Within the entries below, please return exactly the lines from the one with "Can Cooler Sleeve" through the one with "among us thanksgiving coloring pages", leaving out any pictures.

▶ [The records]:
═══

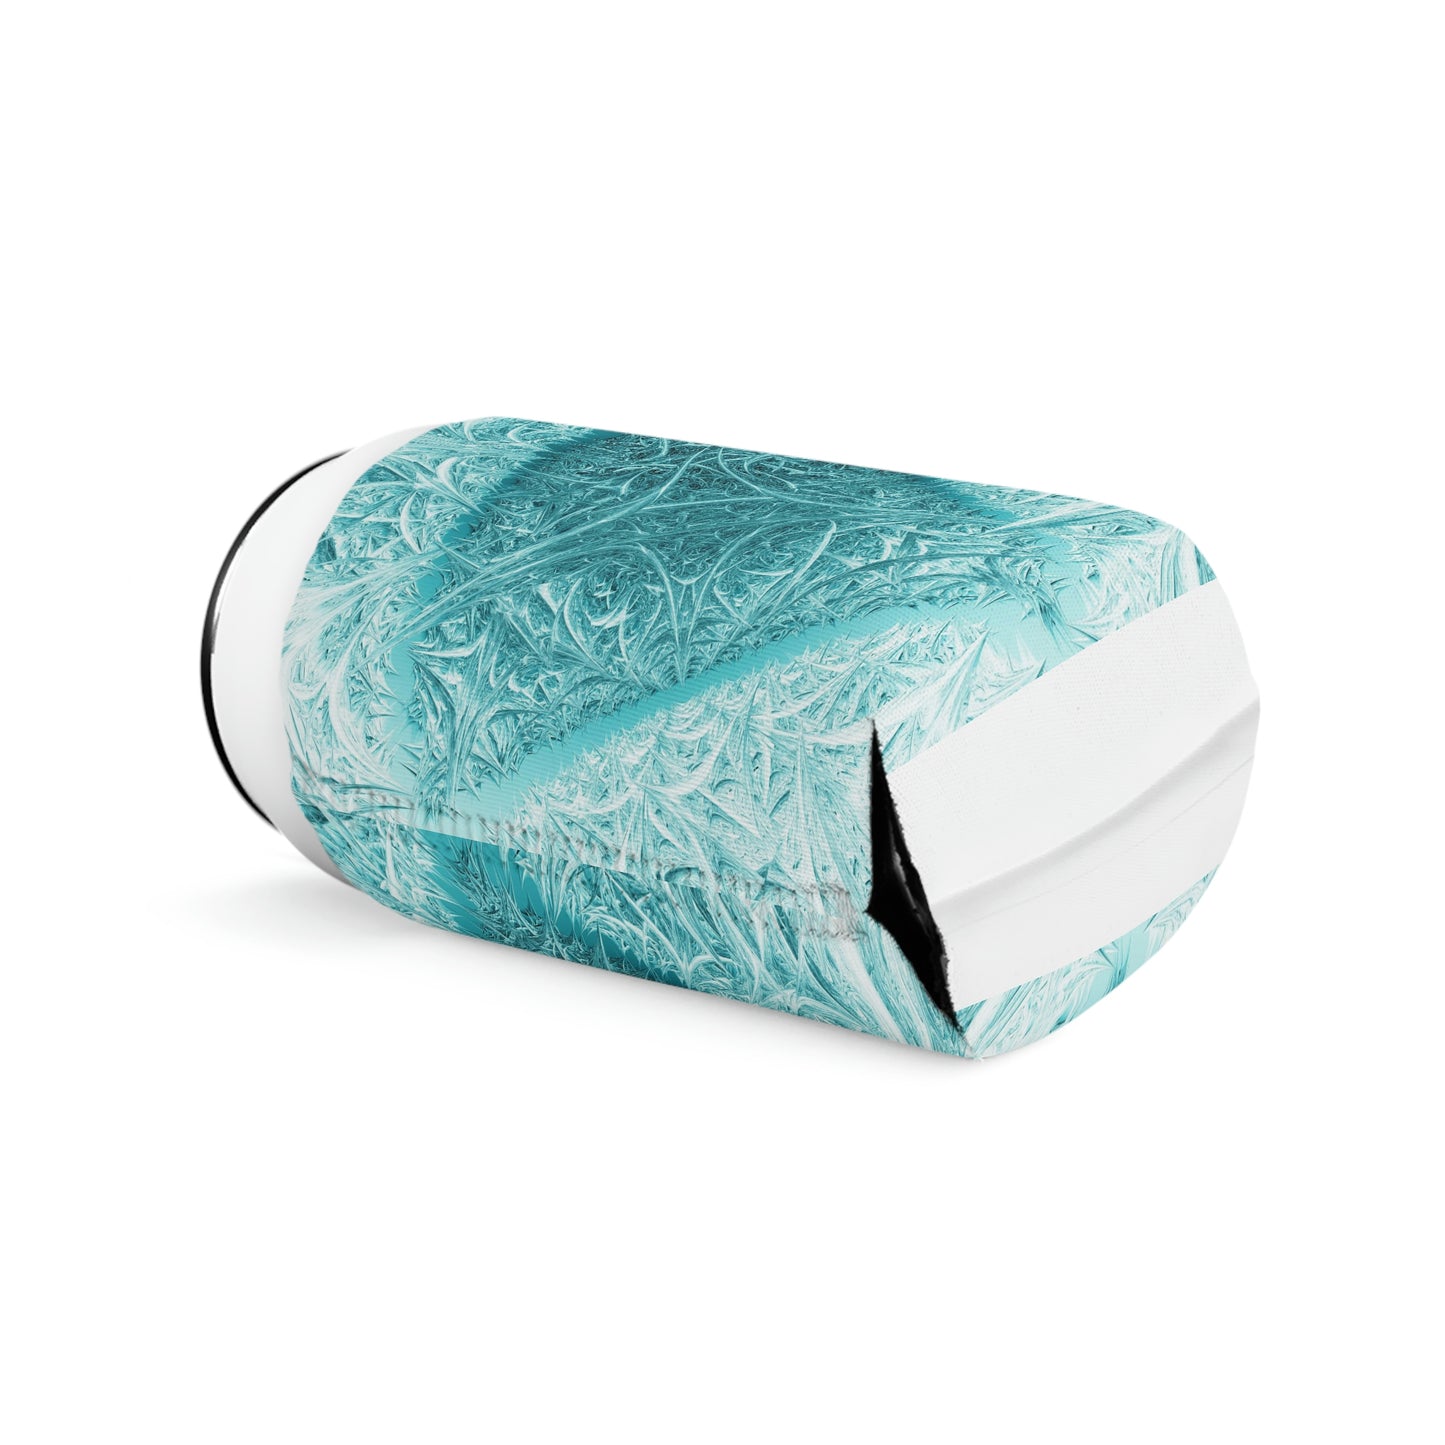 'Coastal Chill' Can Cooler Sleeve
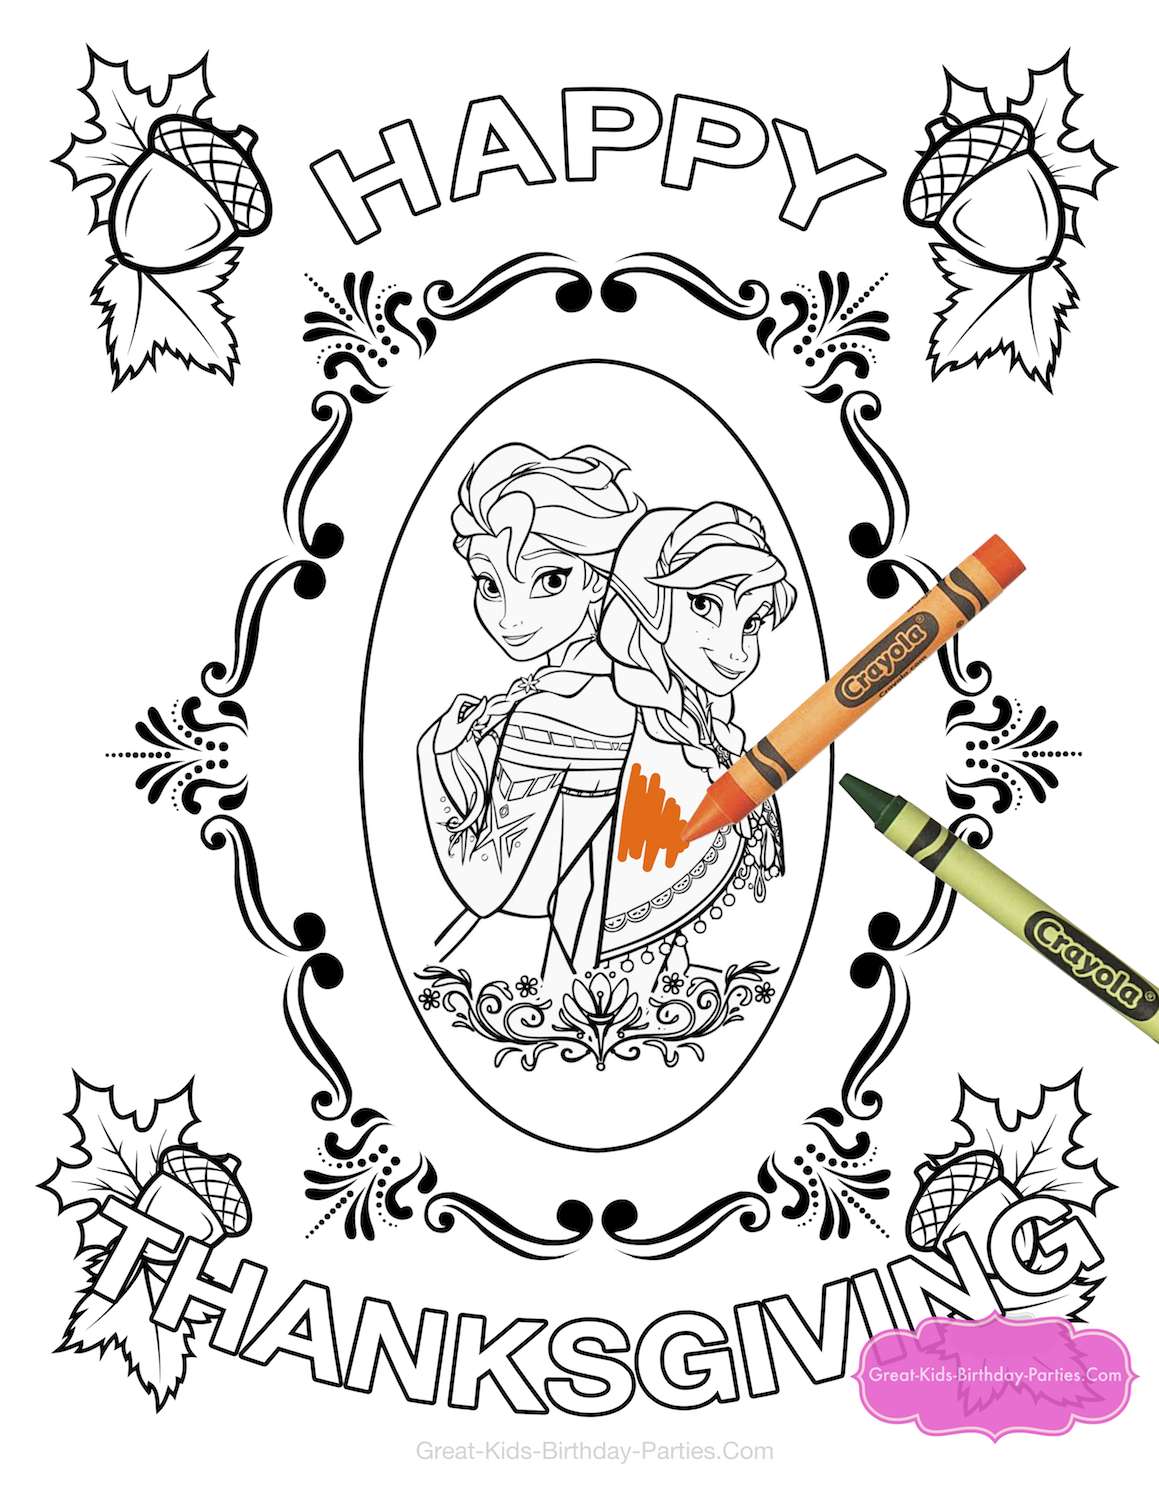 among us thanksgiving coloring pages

═══

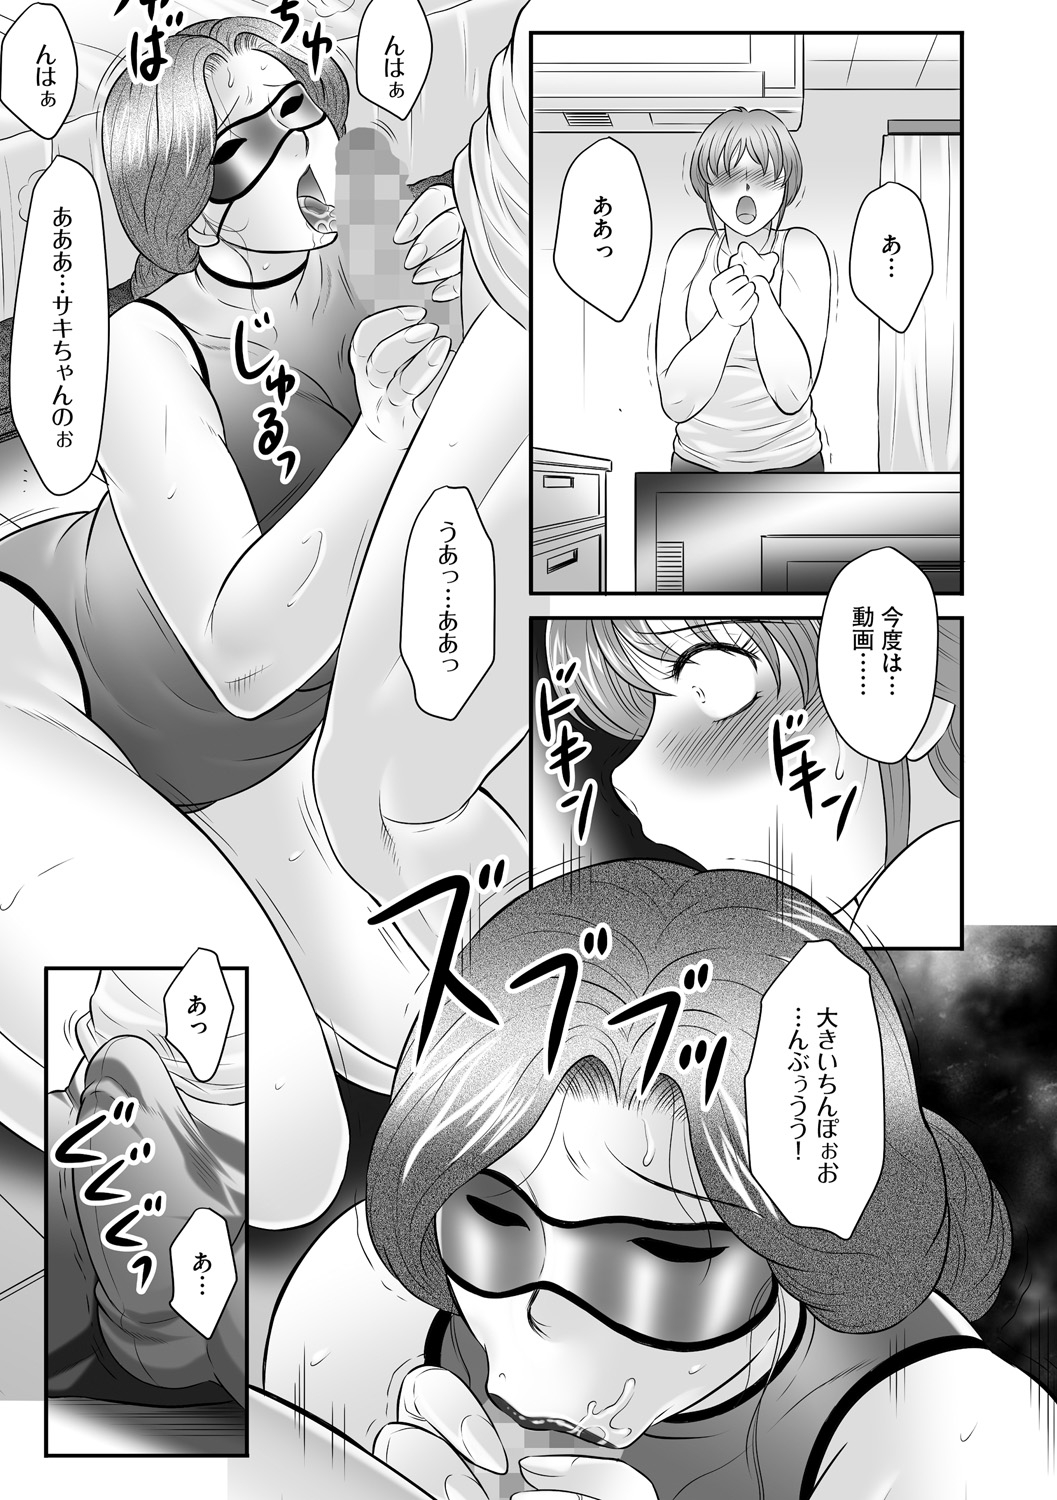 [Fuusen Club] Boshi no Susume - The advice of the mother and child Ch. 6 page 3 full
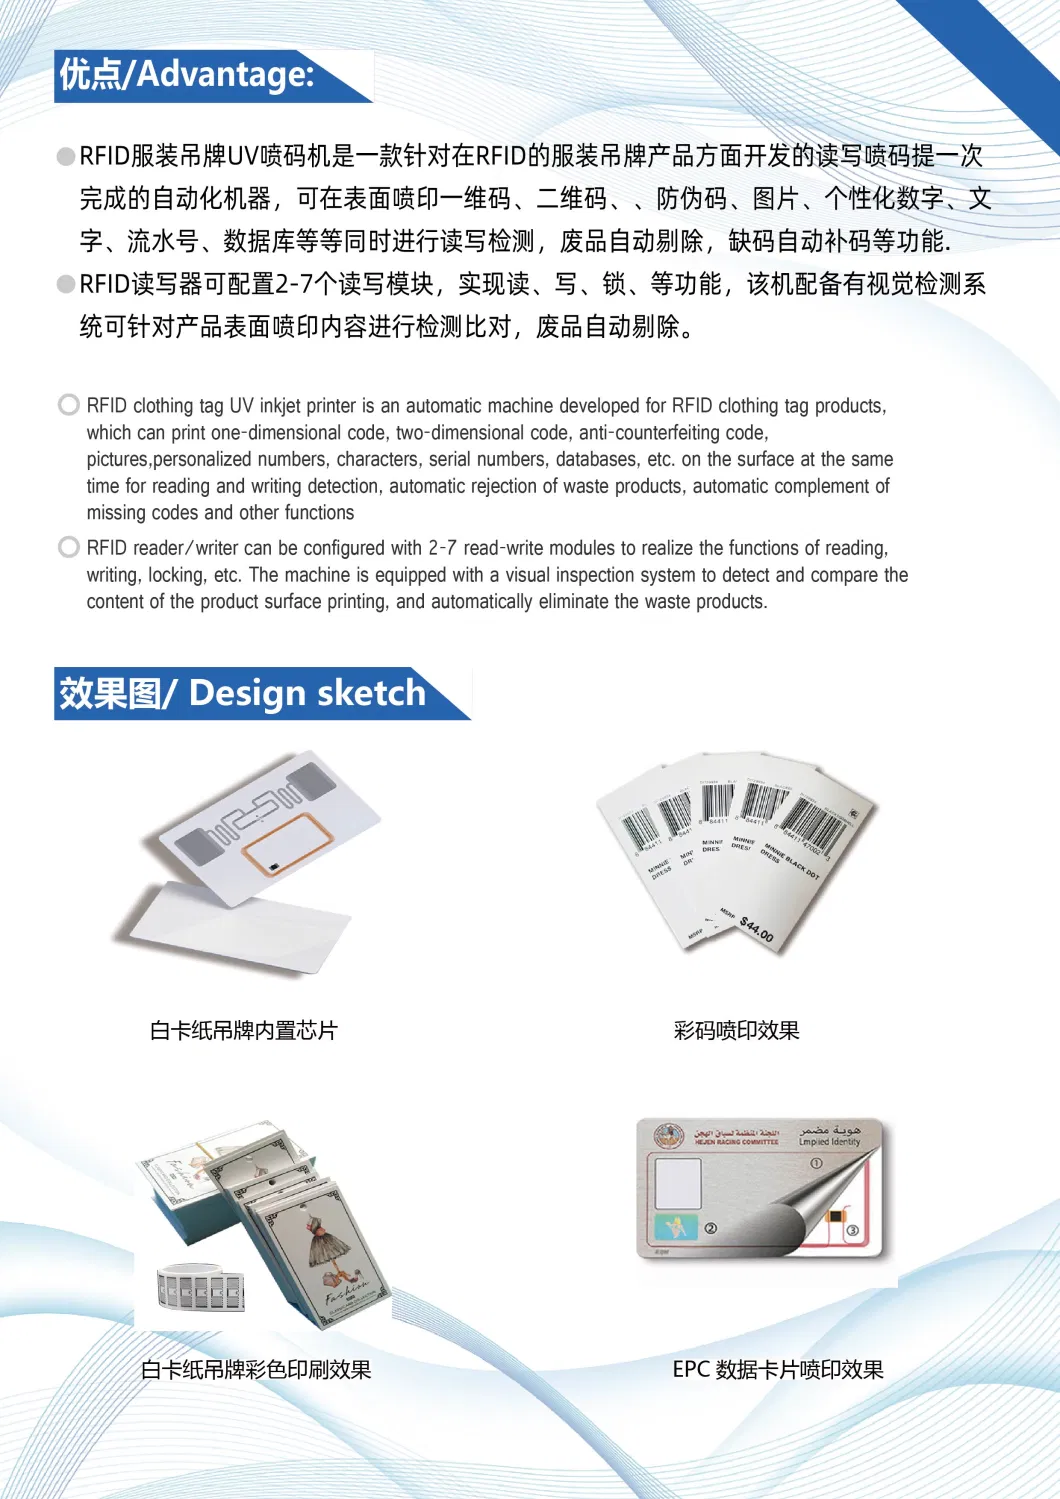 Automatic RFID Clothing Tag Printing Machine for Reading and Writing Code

═══

▶ [Result]:
 'Coastal Chill' Can Cooler Sleeve
 among us thanksgiving coloring pages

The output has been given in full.